• EXERCISE AIM:
Please copy the last part of the entries exactly: the line that has "gather at opposite" and every line up to and including the end, nothing more.

DATASET: Begin

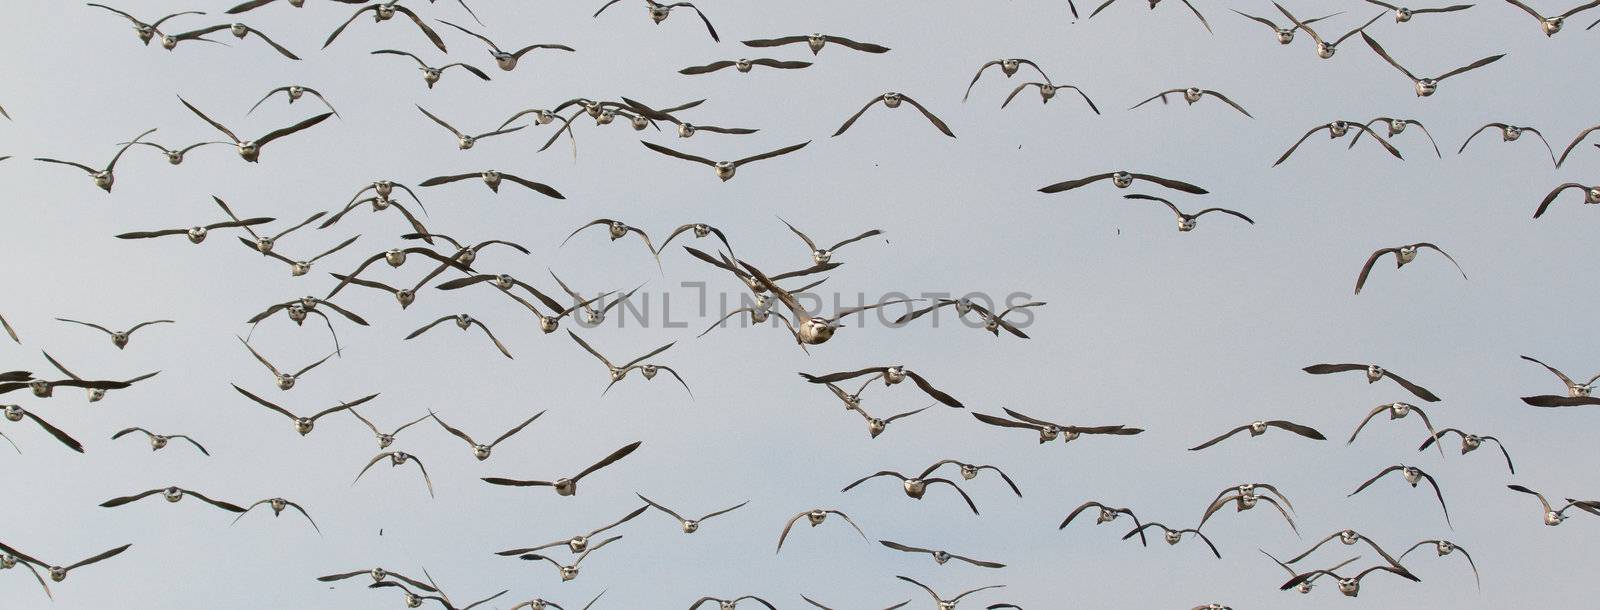 A group of Brent geese in flight
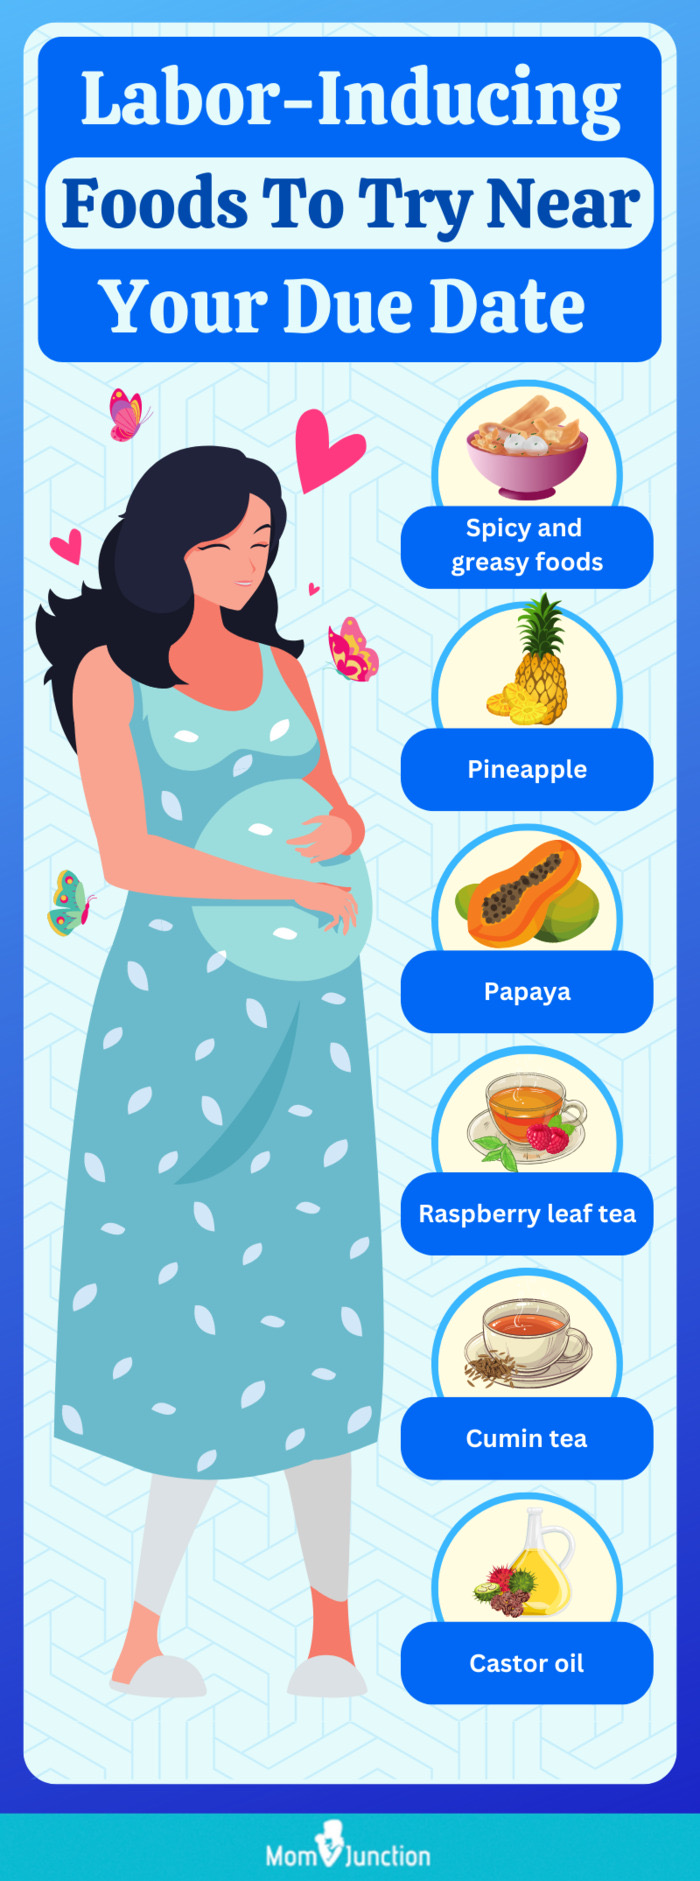 labor inducing foods to try near your due date (infographic)
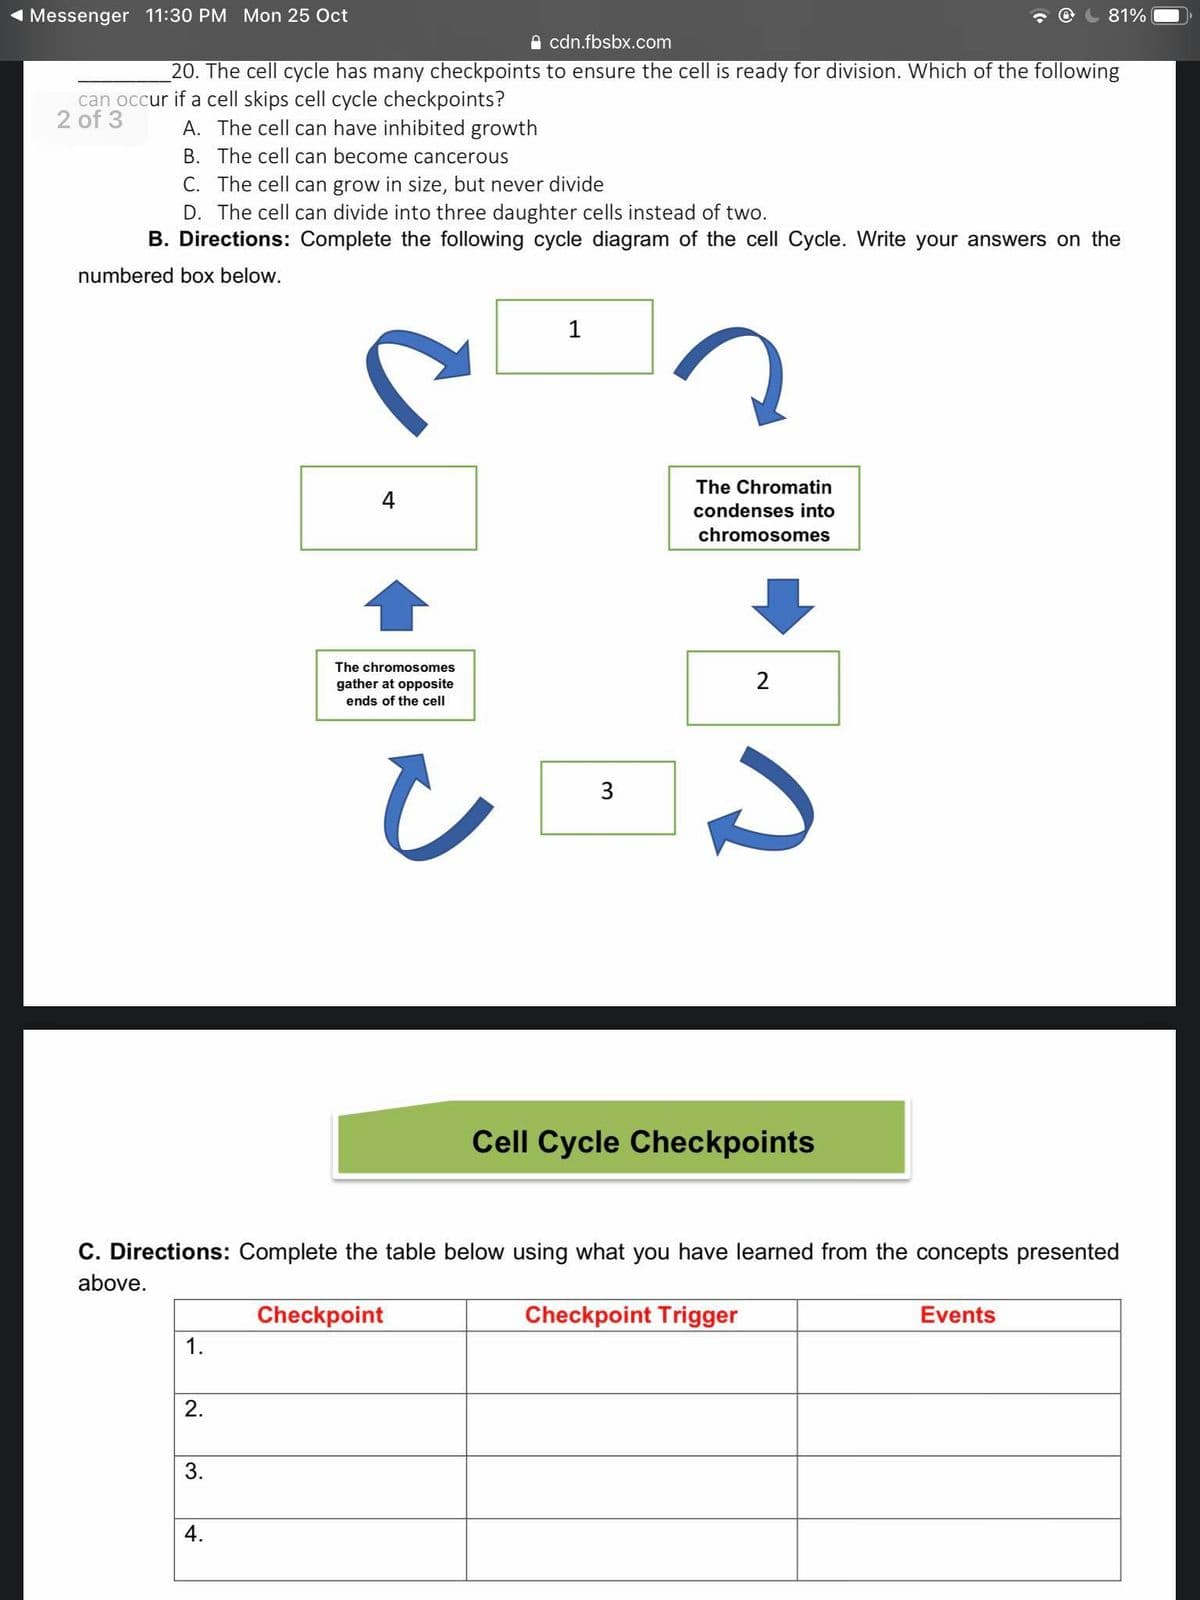 Messenger 11:30 PM Mon 25 Oct
81%
A cdn.fbsbx.com
20. The cell cycle has many checkpoints to ensure the cell is ready for division. Which of the following
can occur if a cell skips cell cycle checkpoints?
2 of 3
A. The cell can have inhibited growth
B. The cell can become cancerous
C. The cell can grow in size, but never divide
D. The cell can divide into three daughter cells instead of two.
B. Directions: Complete the following cycle diagram of the cell Cycle. Write your answers on the
numbered box below.
1
The Chromatin
4
condenses into
chromosomes
The chromosomes
gather at opposite
2
ends of the cell
3
Cell Cycle Checkpoints
C. Directions: Complete the table below using what you have learned from the concepts presented
above.
Checkpoint
Checkpoint Trigger
Events
1.
2.
3.
4.

DATASET: End

• EXERCISE ANSWER:
gather at opposite
2
ends of the cell
3
Cell Cycle Checkpoints
C. Directions: Complete the table below using what you have learned from the concepts presented
above.
Checkpoint
Checkpoint Trigger
Events
1.
2.
3.
4.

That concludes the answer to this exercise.